▸ **Task statement**
Everything from the line with "City skyline seen" to the end of the data should be restated word for word, and nothing before it.

▸ **The input**

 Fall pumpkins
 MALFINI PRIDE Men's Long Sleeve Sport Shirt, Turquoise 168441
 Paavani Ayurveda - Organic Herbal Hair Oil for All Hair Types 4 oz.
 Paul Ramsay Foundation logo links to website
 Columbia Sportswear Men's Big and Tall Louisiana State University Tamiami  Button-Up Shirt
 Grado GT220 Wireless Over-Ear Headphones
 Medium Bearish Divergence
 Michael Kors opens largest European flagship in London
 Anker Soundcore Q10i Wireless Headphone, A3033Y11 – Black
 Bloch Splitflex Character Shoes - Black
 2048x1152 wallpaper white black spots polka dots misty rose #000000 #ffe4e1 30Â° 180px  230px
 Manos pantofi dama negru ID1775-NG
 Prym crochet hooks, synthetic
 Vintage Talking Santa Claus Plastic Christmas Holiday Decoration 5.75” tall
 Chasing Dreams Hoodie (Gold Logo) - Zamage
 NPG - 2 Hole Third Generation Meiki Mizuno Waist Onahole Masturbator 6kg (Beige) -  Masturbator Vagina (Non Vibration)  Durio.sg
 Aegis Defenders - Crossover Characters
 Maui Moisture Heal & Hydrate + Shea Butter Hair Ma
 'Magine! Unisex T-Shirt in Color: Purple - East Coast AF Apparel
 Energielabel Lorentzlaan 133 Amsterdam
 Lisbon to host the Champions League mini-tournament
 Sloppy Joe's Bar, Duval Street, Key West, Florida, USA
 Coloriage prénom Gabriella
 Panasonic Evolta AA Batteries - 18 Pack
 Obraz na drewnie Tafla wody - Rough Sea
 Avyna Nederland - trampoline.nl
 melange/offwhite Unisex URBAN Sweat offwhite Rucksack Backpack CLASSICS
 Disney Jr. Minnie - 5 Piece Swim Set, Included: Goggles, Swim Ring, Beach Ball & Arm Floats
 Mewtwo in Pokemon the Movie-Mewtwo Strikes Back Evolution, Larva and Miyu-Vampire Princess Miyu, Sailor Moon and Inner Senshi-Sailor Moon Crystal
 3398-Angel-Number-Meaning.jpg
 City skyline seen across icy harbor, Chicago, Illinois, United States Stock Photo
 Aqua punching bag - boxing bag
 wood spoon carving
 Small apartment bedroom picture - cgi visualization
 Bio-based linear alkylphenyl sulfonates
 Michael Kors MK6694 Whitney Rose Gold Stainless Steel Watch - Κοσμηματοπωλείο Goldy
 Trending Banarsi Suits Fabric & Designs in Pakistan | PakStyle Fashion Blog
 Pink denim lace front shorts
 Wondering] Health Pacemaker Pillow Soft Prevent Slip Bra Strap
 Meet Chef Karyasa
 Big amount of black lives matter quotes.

▸ **Response to the task**
 City skyline seen across icy harbor, Chicago, Illinois, United States Stock Photo
 Aqua punching bag - boxing bag
 wood spoon carving
 Small apartment bedroom picture - cgi visualization
 Bio-based linear alkylphenyl sulfonates
 Michael Kors MK6694 Whitney Rose Gold Stainless Steel Watch - Κοσμηματοπωλείο Goldy
 Trending Banarsi Suits Fabric & Designs in Pakistan | PakStyle Fashion Blog
 Pink denim lace front shorts
 Wondering] Health Pacemaker Pillow Soft Prevent Slip Bra Strap
 Meet Chef Karyasa
 Big amount of black lives matter quotes.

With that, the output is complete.